PostgreSQL模糊查询
1、创建测试表、插入数据
postgres=# create table test_like(id int, name varchar);
CREATE TABLE
postgres=# insert into test_like select generate_series(1,1000000),md5(random()::varchar);
INSERT 0 1000000
postgres=# analyze test_like ;
ANALYZE
2、未创建索引的执行计划
postgres=# explain select * from test_like where name like '111%' ;
QUERY PLAN
--------------------------------------------------------------------
Remote Fast Query Execution (cost=0.00..0.00 rows=0 width=0)
Node/s: dn001, dn002, dn003
-> Seq Scan on test_like (cost=0.00..7950.56 rows=33 width=37)
Filter: ((name)::text ~~ '111%'::text)
(4 rows)
3、普通btree索引不走索引
postgres=# create index idx_test_like_name on test_like (name);
CREATE INDEX
postgres=# analyze test_like ;
ANALYZE
postgres=# explain select * from test_like where name like '111%' ;
QUERY PLAN
--------------------------------------------------------------------
Remote Fast Query Execution (cost=0.00..0.00 rows=0 width=0)
Node/s: dn001, dn002, dn003
-> Seq Scan on test_like (cost=0.00..7950.56 rows=33 width=37)

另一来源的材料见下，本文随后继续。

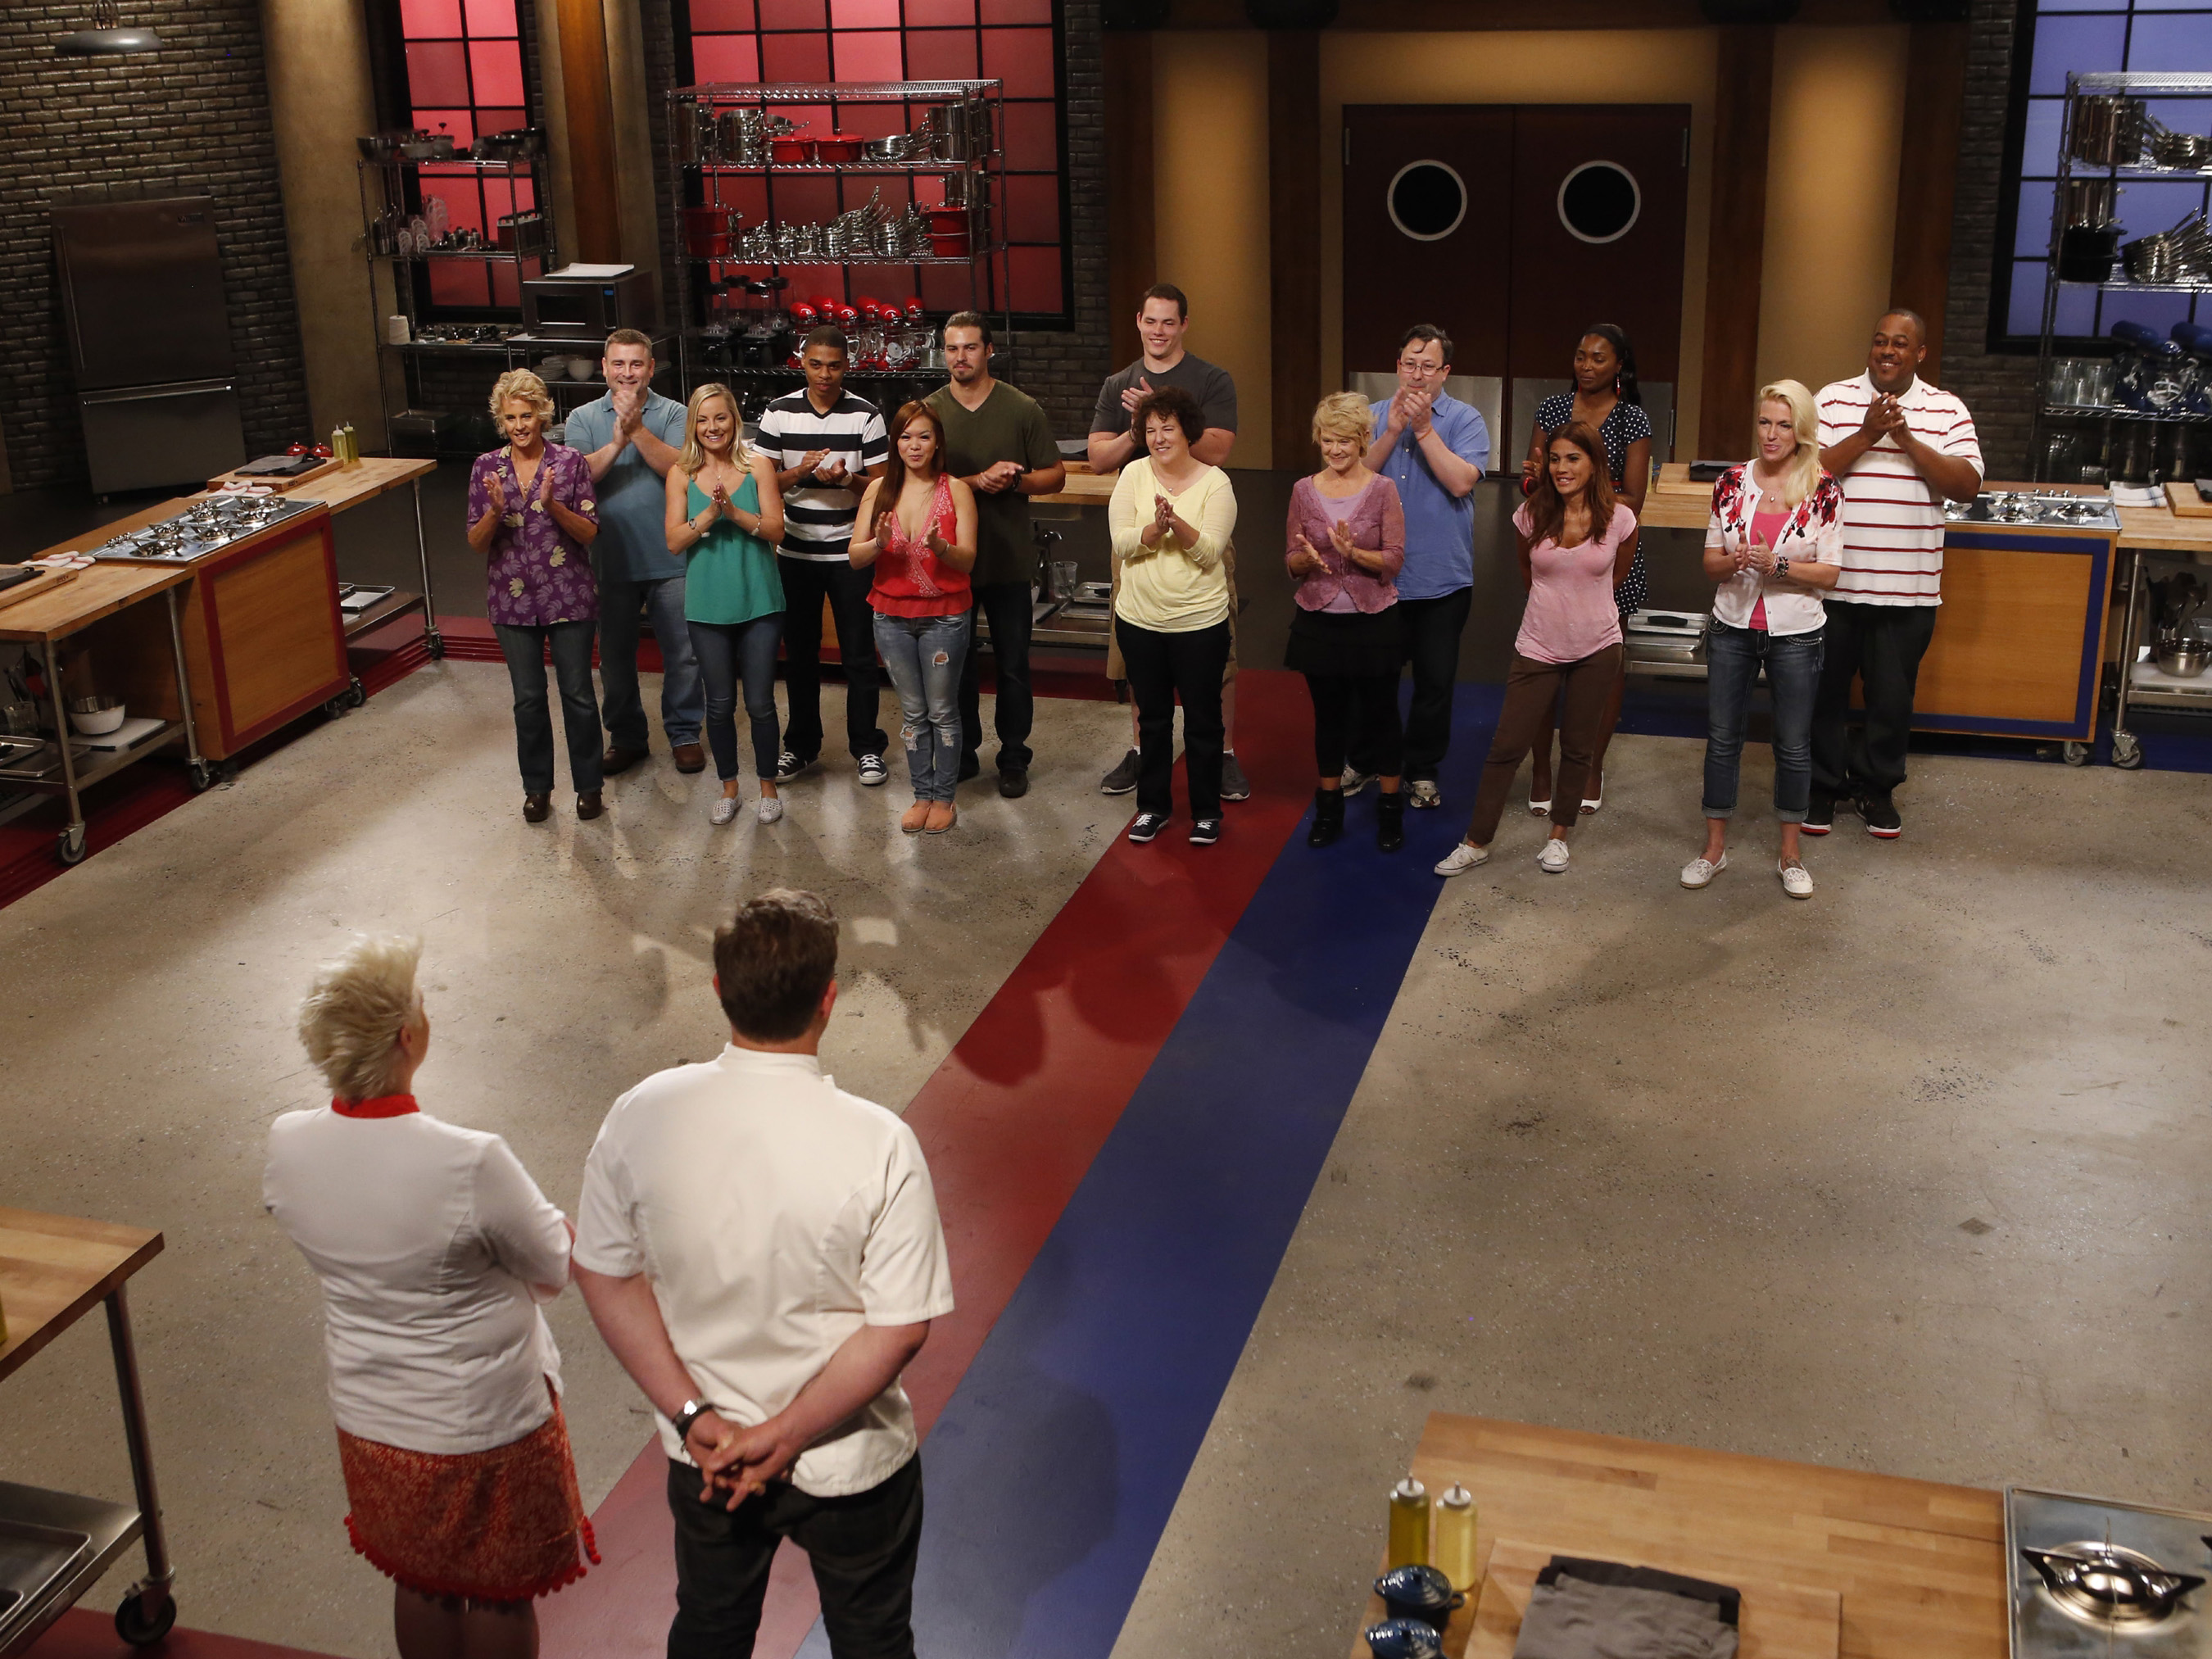 Recruits are welcomed by hosts Tyler Florence and Anne Burrell on Food Network's Worst Cooks in America

Filter: ((name)::text ~~ '111%'::text)
(4 rows)
4、前模糊匹配查询
1)collate "C"
postgres=# create index idx_test_like_name_c on test_like (name collate "C");
CREATE INDEX
postgres=# analyze test_like ;
ANALYZE
postgres=# explain select * from test_like where name like '111%' ;
QUERY PLAN
--------------------------------------------------------------------------------------------
Remote Fast Query Execution (cost=0.00..0.00 rows=0 width=0)
Node/s: dn001, dn002, dn003
-> Bitmap Heap Scan on test_like (cost=2.99..108.88 rows=33 width=37)

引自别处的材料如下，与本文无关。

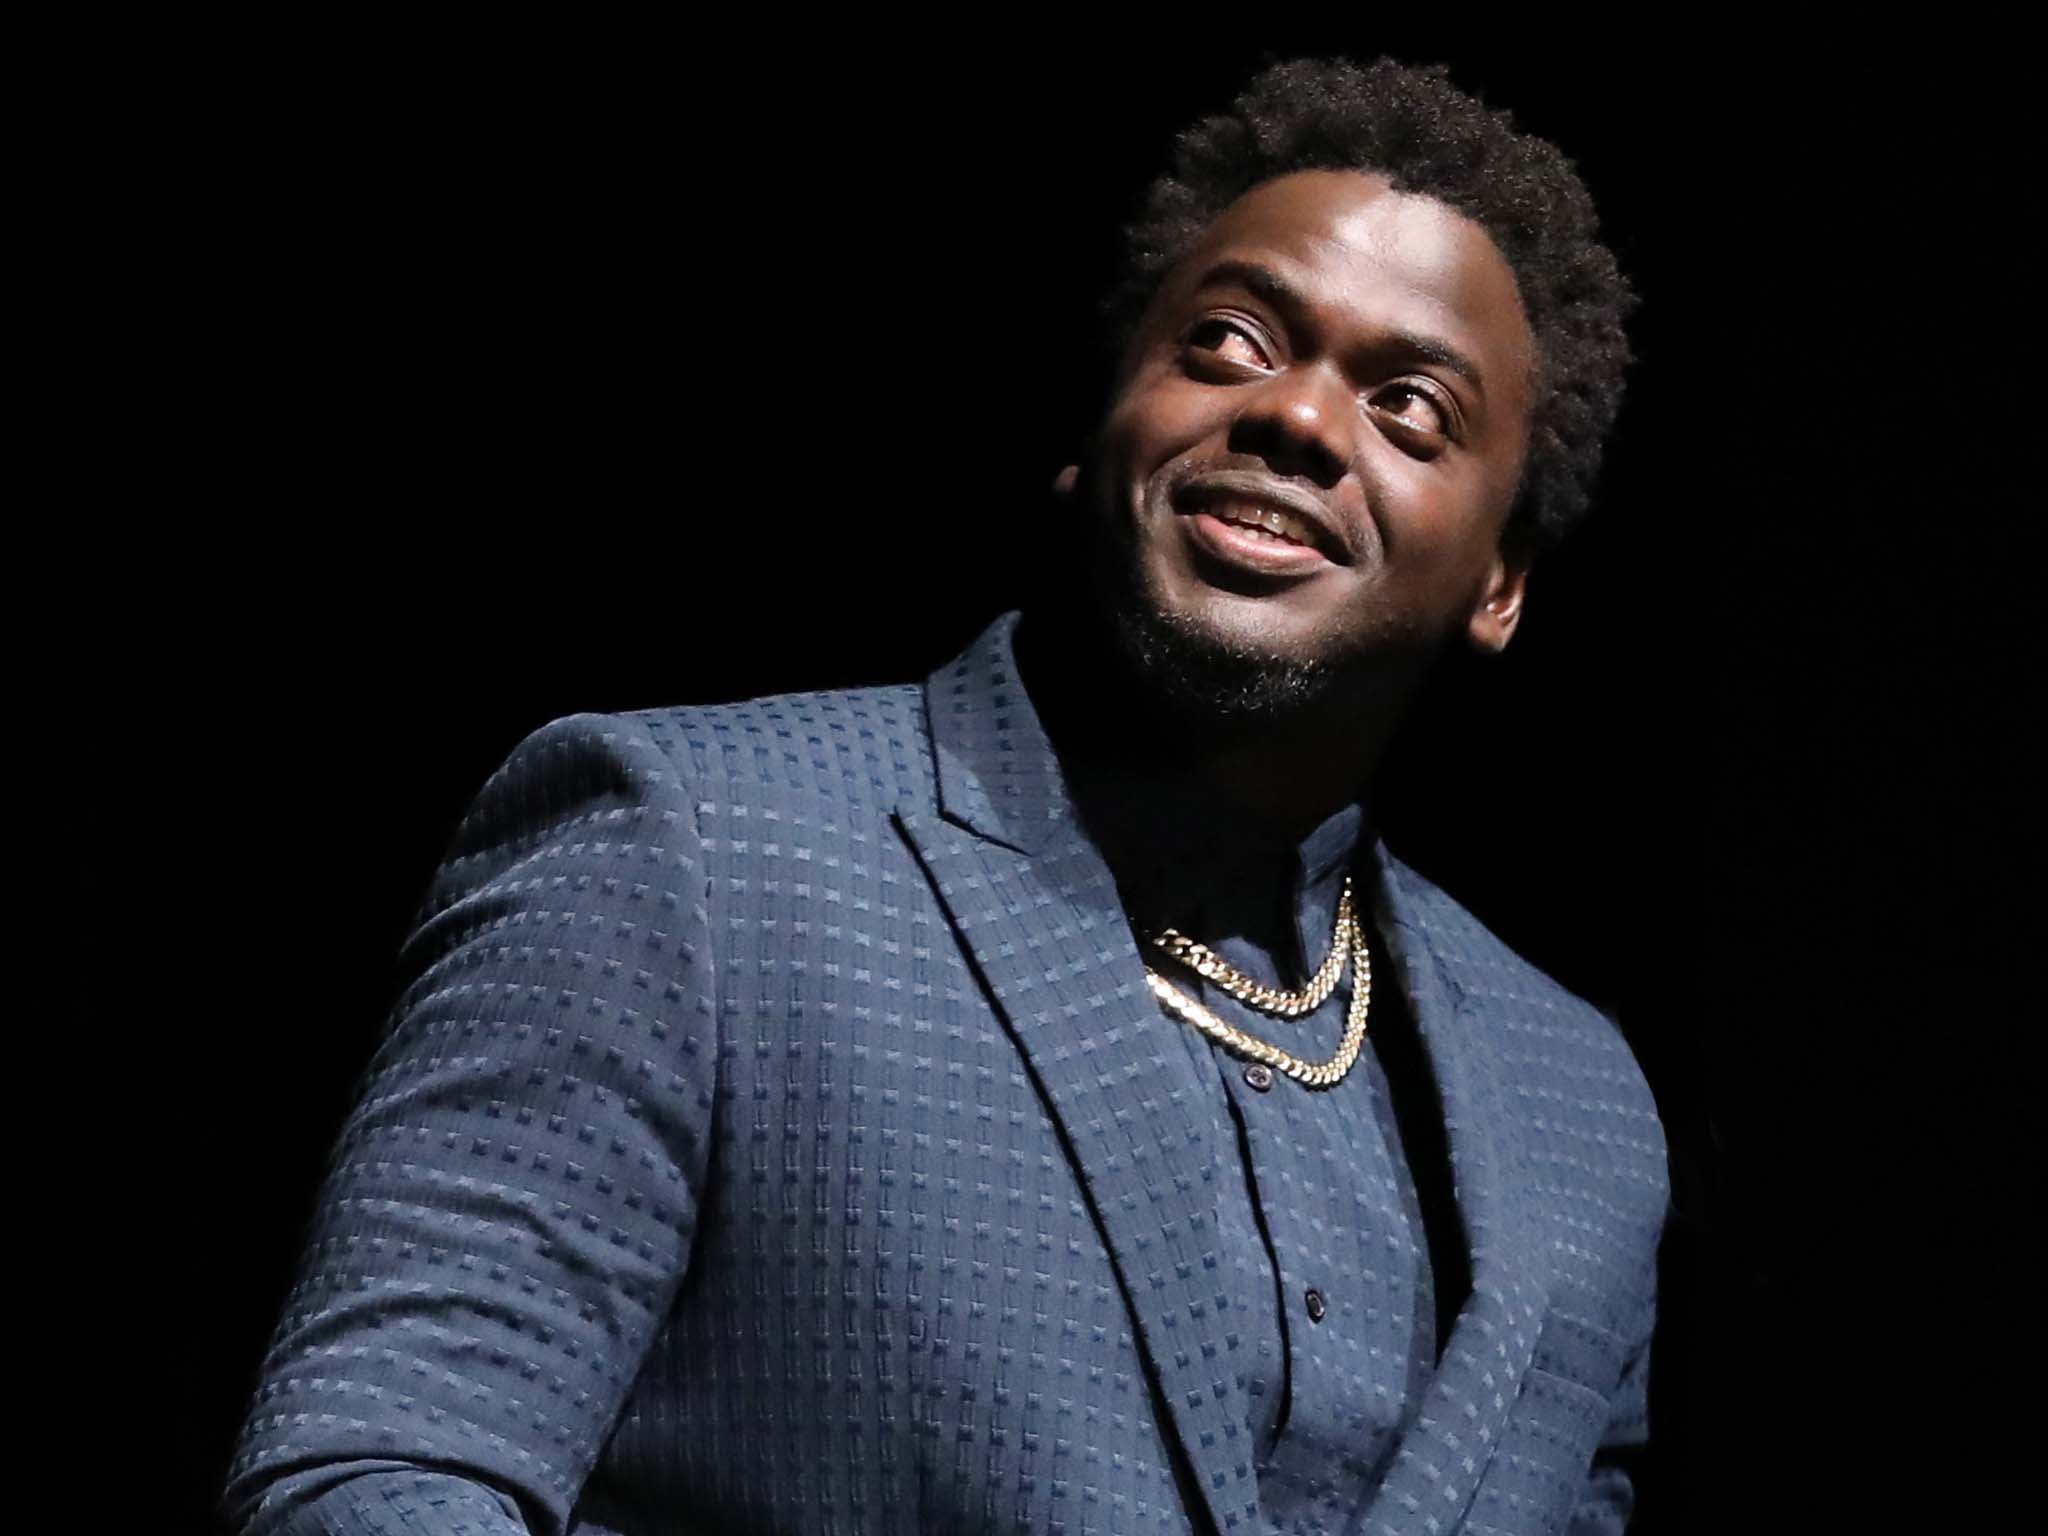 Daniel Kaluuya: 'I'm trying to stay fearless, but it becomes harder when you're more visible'

Filter: ((name)::text ~~ '111%'::text)
-> Bitmap Index Scan on idx_test_like_name_c (cost=0.00..2.98 rows=56 width=0)
Index Cond: (((name)::text >= '111'::text) AND ((name)::text < '112'::text))
(6 rows)
2)操作符类varchar_pattern_ops方式
postgres=# create index idx_test_like_name_ops on test_like (name varchar_pattern_ops);
CREATE INDEX
postgres=# analyze test_like ;
ANALYZE
postgres=# explain select * from test_like where name like '111%' ;
QUERY PLAN
------------------------------------------------------------------------------------------------
Remote Fast Query Execution (cost=0.00..0.00 rows=0 width=0)
Node/s: dn001, dn002, dn003
-> Bitmap Heap Scan on test_like (cost=2.97..105.20 rows=33 width=37)
Filter: ((name)::text ~~ '111%'::text)
-> Bitmap Index Scan on idx_test_like_name_ops (cost=0.00..2.96 rows=54 width=0)
Index Cond: (((name)::text ~>=~ '111'::text) AND ((name)::text ~<~ '112'::text))
(6 rows)
但后匹配、中间匹配不支持:
postgres=# explain select * from test_like where name like '%111%1' ;
QUERY PLAN
--------------------------------------------------------------------
Remote Fast Query Execution (cost=0.00..0.00 rows=0 width=0)
Node/s: dn001, dn002, dn003
-> Seq Scan on test_like (cost=0.00..7950.56 rows=33 width=37)
Filter: ((name)::text ~~ '%111%1'::text)
(4 rows)
postgres=# explain select * from test_like where name like '%111' ;
QUERY PLAN
--------------------------------------------------------------------
Remote Fast Query Execution (cost=0.00..0.00 rows=0 width=0)
Node/s: dn001, dn002, dn003
-> Seq Scan on test_like (cost=0.00..7950.56 rows=33 width=37)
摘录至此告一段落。